Final answer:
Emily's investment function, assuming compound interest, is A = 100(1 + 0.12)^n. To calculate the average rate of change between two points, subtract the function's value at the initial point from its value at the final point, and divide by the length of the time interval between those points.
Step-by-step explanation:
Emily is interested in putting $100 into an account that compounds interest annually at a rate of 12%. To track the growth of her investment, we can create a function that models compound interest.
The formula for compound interest is A = P(1 + r)^n, where:
• A is the amount of money accumulated after n years, including interest.
• P is the principal amount (the initial amount of money).
• r is the annual interest rate (in decimal form).

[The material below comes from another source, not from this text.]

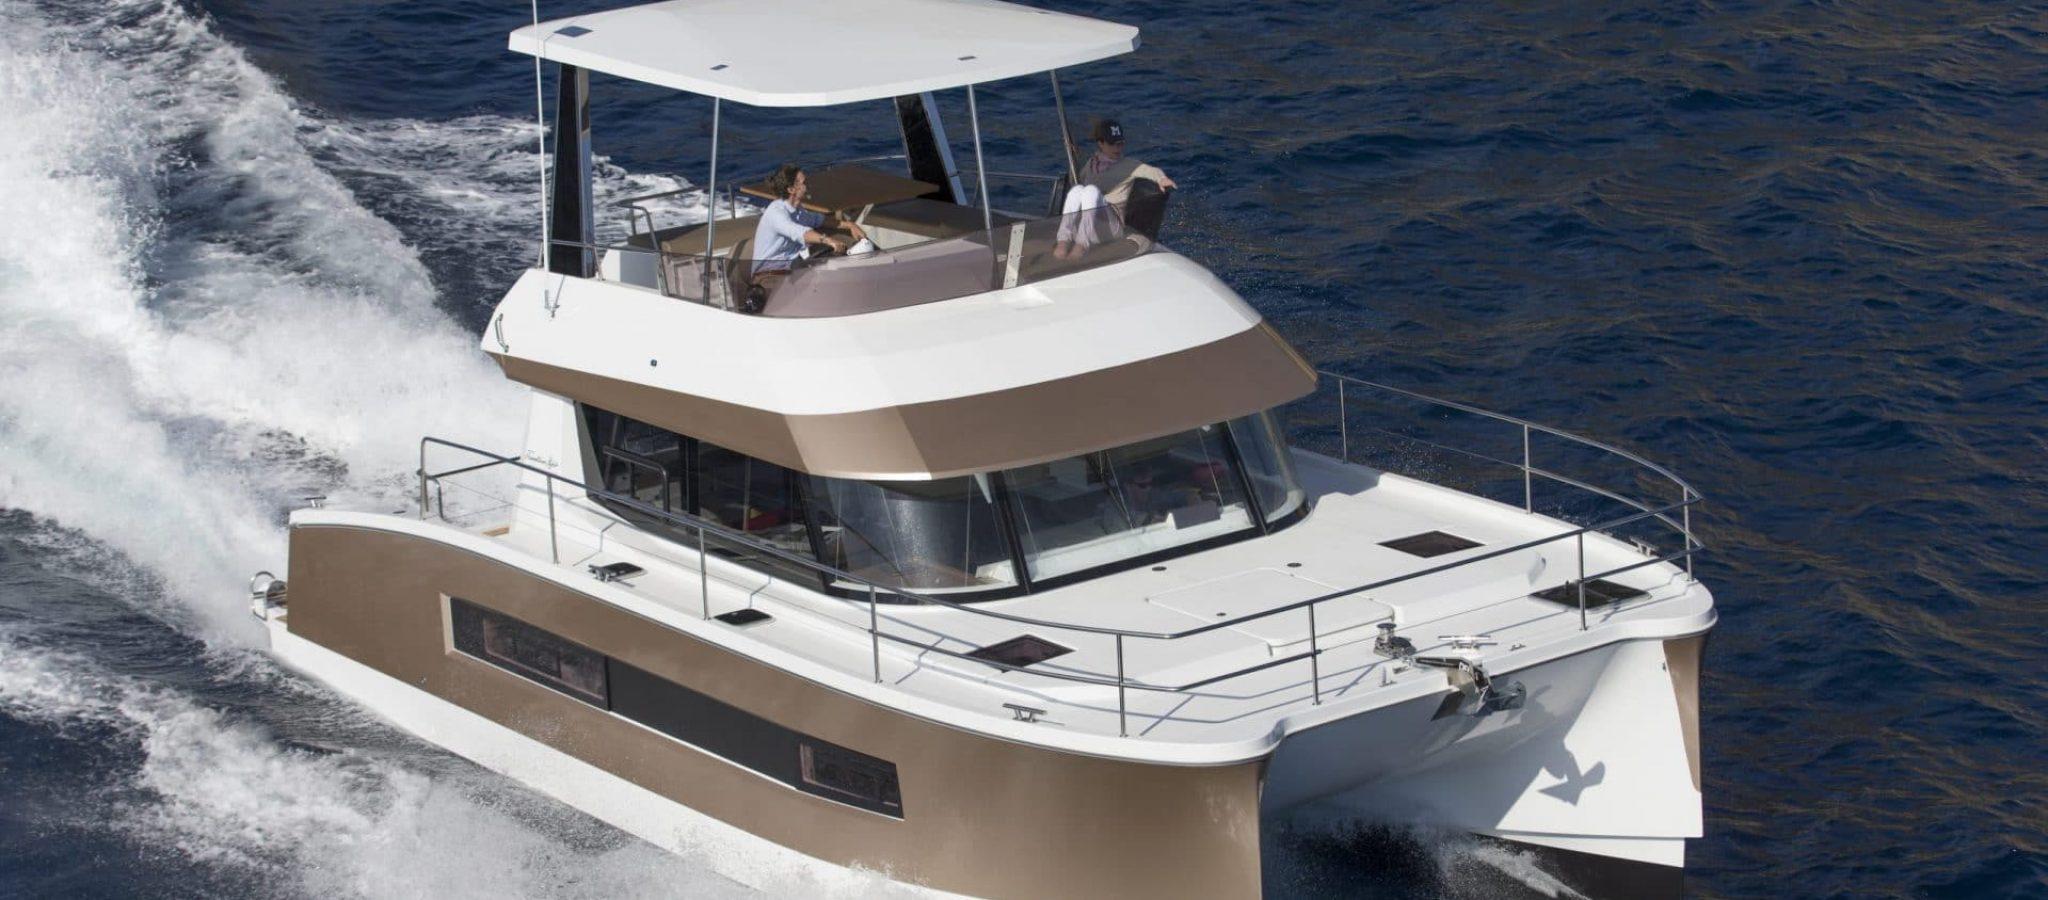 08/04/2015, Andraitx (Isla de Mallorca, Islas Baleares, ESP), Chantier Fountaine-Pajot, Motor Yacht 37

• n is the number of years the money is invested or borrowed.
Using this formula, Emily's investment function would be written as A = 100(1 + 0.12)^n.
To find the average rate of change between two points on a function's curve, which is akin to finding the slope of the secant line that connects the two points, you simply subtract the initial value of the function from the final value and divide by the difference in the x-values (amount of time) associated with these points. Here is the formula:
Average Rate of Change = (f(x2) - f(x1)) / (x2 - x1)
For example, if you wanted to find the average rate of change of Emily's account balance between years 1 and 3, you would calculate the amount of money at year 3, subtract the amount at year 1, and then divide by the difference in time, which is 3-1 = 2 years.